How are you prepping the blade before the bath? I have only satin finished AEB-L but haven't had an acid problem with other stainless. After it's good and clean, no prints or oils, give it a couple minutes of primer soak then rub it down with 0000 steel wool. Clean again then another bath. Ten minutes should do it. Repeat as necessary.

Mark
 
Further to the post above, when cleaning use latex gloves to avoid getting oils from your hands on the blade. Use acetone or denatured alcohol to clean it off.
 
Thanks for the tips, I have only sanded the blade no cleaning prep work.

I've read elsewhere that people have added vinager to the water pcb mix. Has anyone here tried this.

Thanks
 
No,I would use one or the other.Vinager will work and mustard or lemon juice works as well.I don't think you should mix anything but water with the FEC.
 
I'm certainly no expert but I etched AEB-L the other day and it worked well. The flats were left as mill scale finish and bevels taken to 400 and then scotch brite.

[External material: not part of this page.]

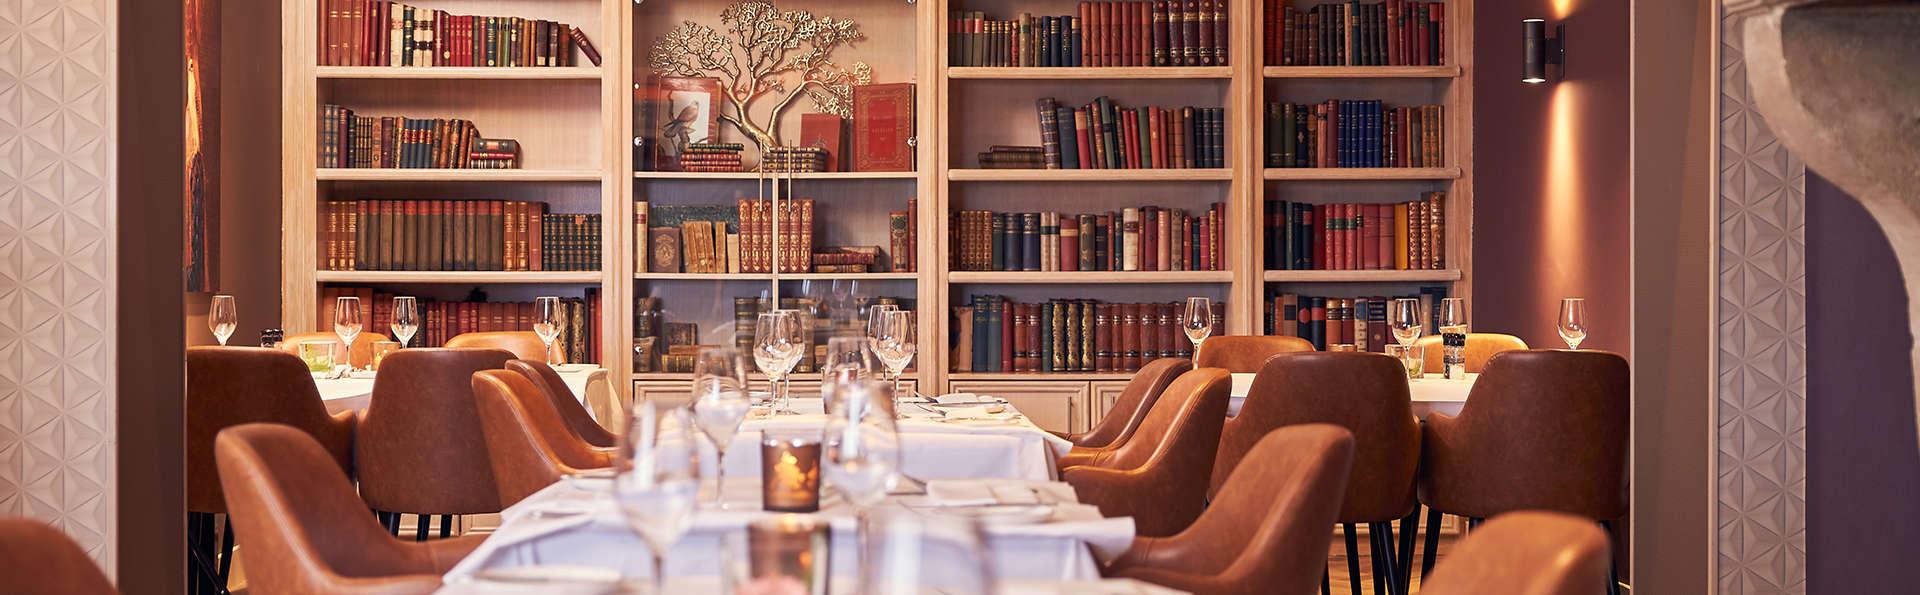 Van der Valk Groningen - Westerbroek - EDIT_NEW_Restaurant4.jpg
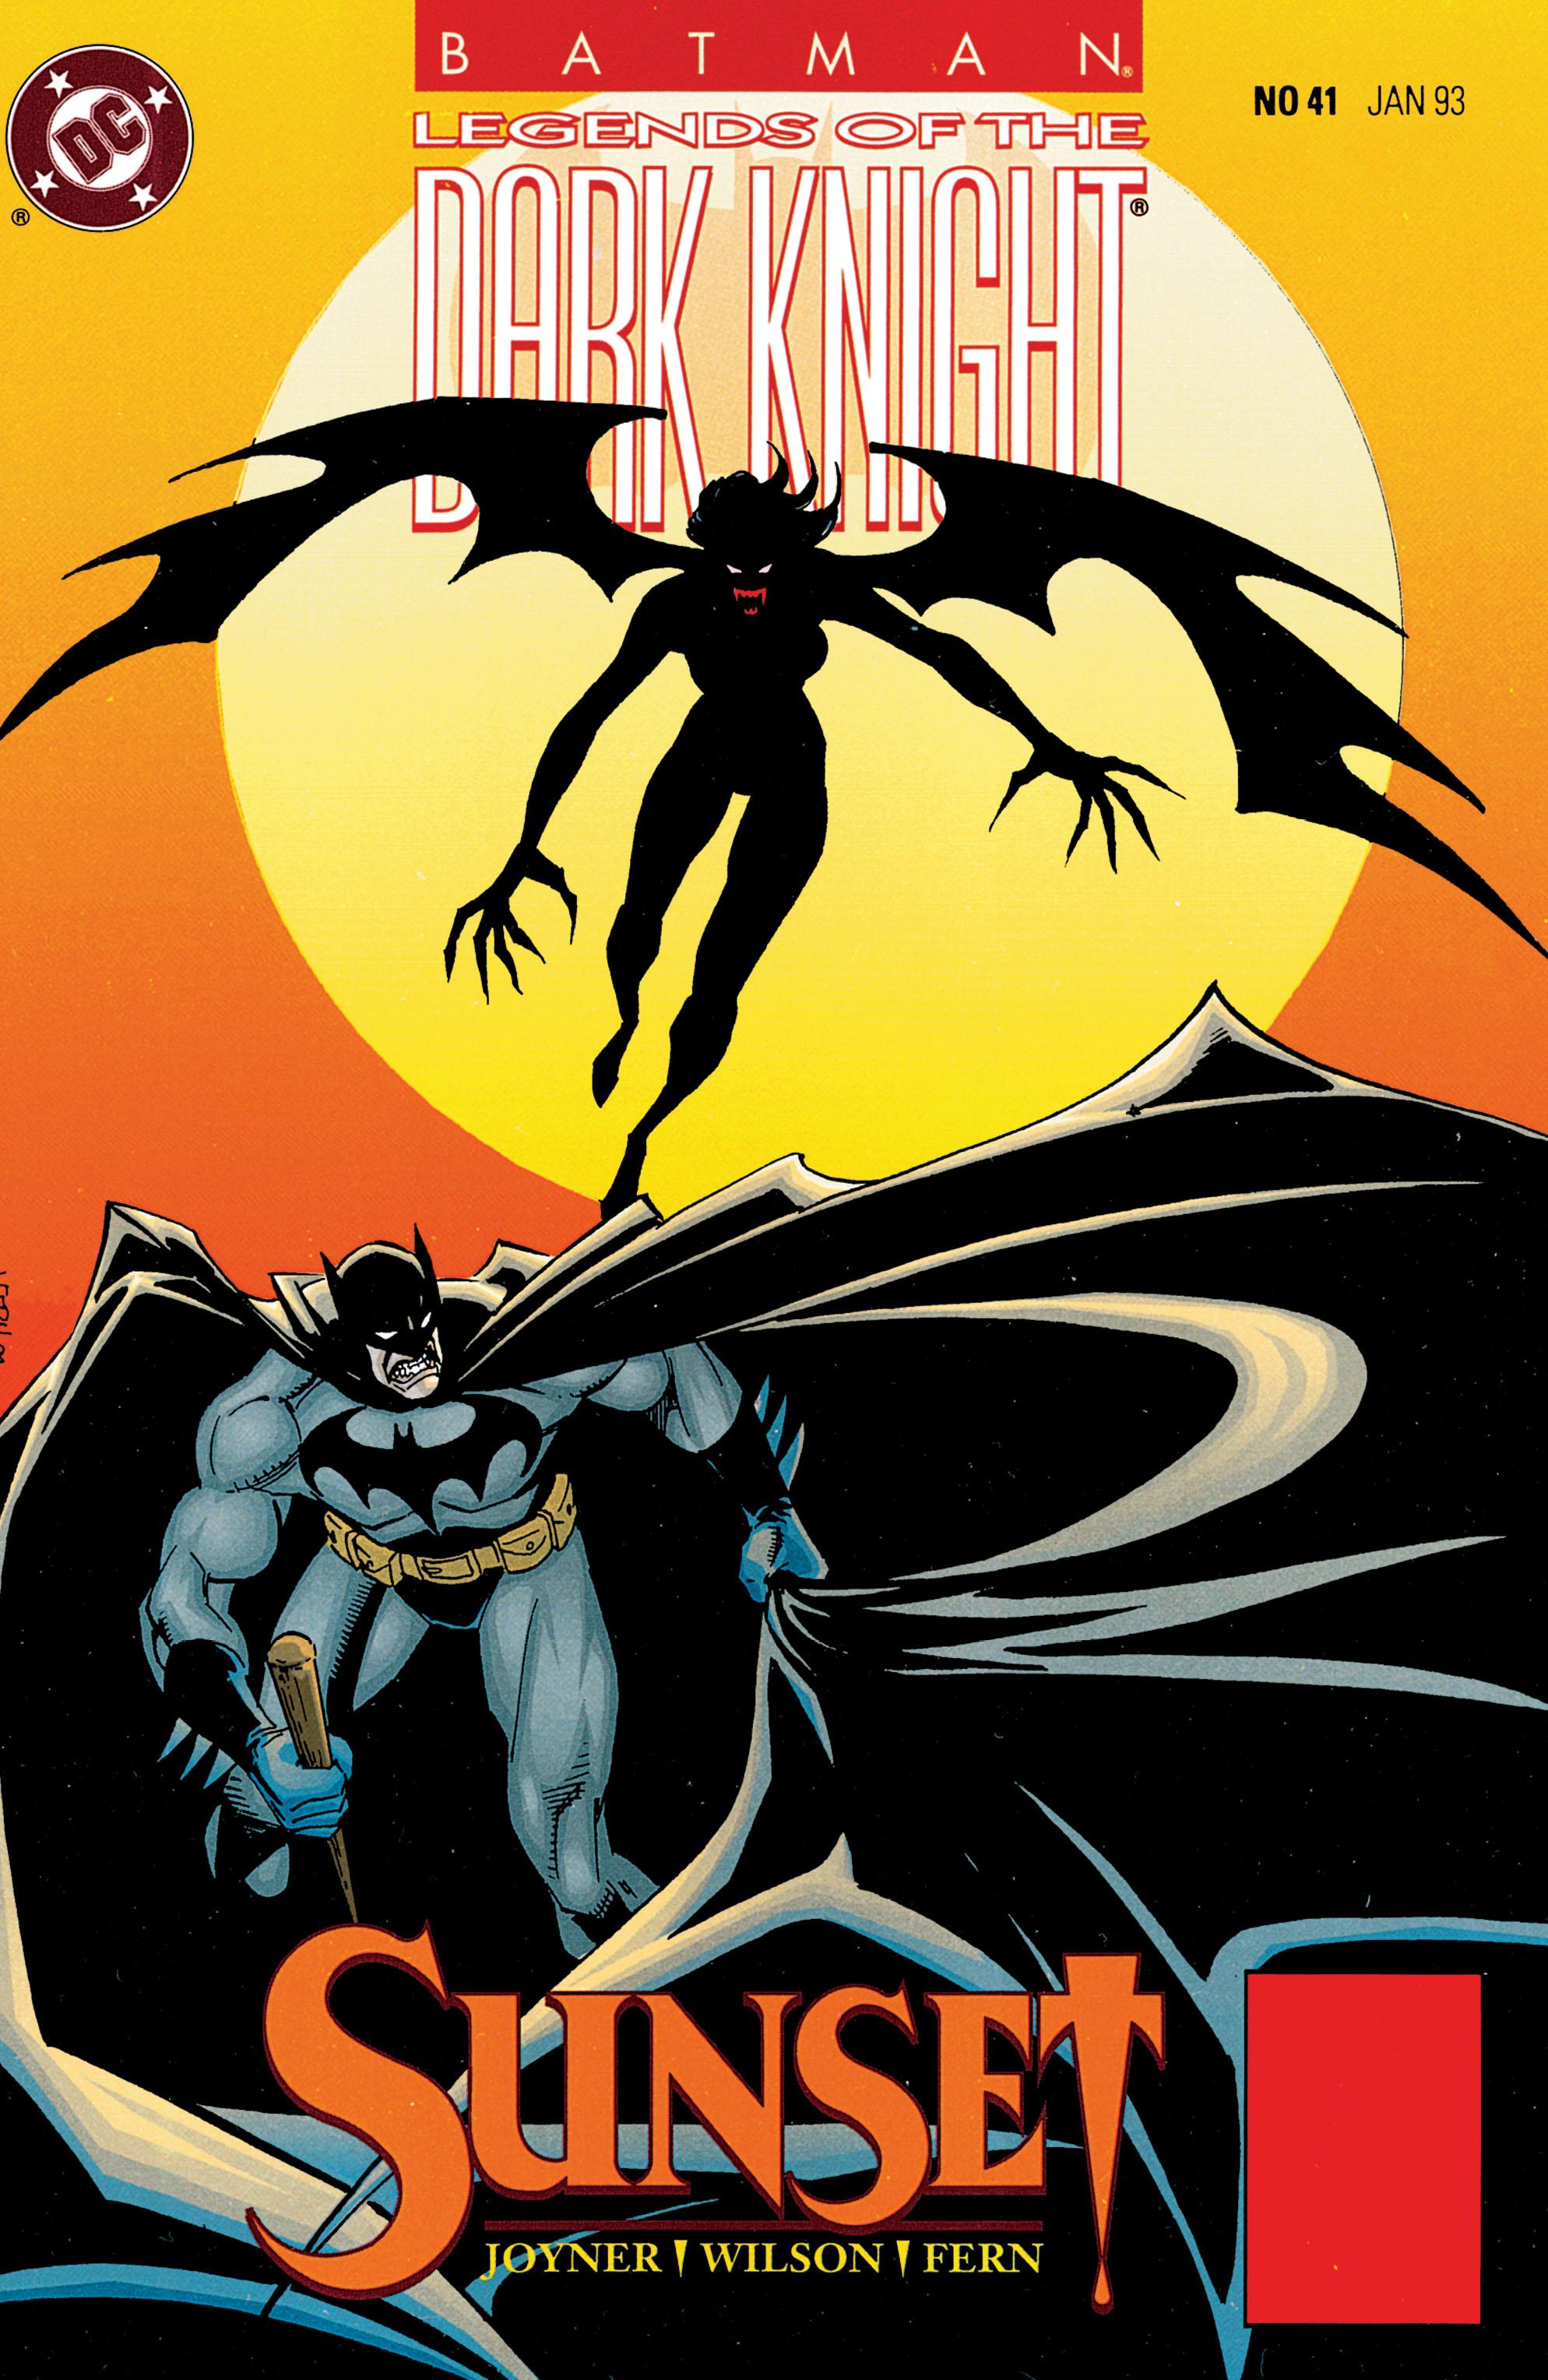 Batman: Legends of the Dark Knight 41 Page 1

All I did for prep was clean well with soap/water then alcohol. My solution was 50/50 fe cl and white vinegar. I got an even grey finish.
 
I understand tumbling as a good-looking low-maintenance finish, and I understand passivating lower-alloy steels, but I don't understand the point of etching a highly corrosion-resistant alloy like AEB-L, just to turn it grey. What do you accomplish by doing that? Not as shiny for the high-speed/low-drag spec-ops crowd?

:confused:
 
I understand tumbling as a good-looking low-maintenance finish, and I understand passivating lower-alloy steels, but I don't understand the point of etching a highly corrosion-resistant alloy like AEB-L, just to turn it grey. What do you accomplish by doing that?
I'm also confused. What is the purpose of the acid etch?

Chuck
 
From my experience it's giving the customer the look they want and it doesn't show wear as much. I know what you're saying, though. If I keep keep getting asked for acid stonewashed I might as well go with a cabon steel with some chromium like 3v.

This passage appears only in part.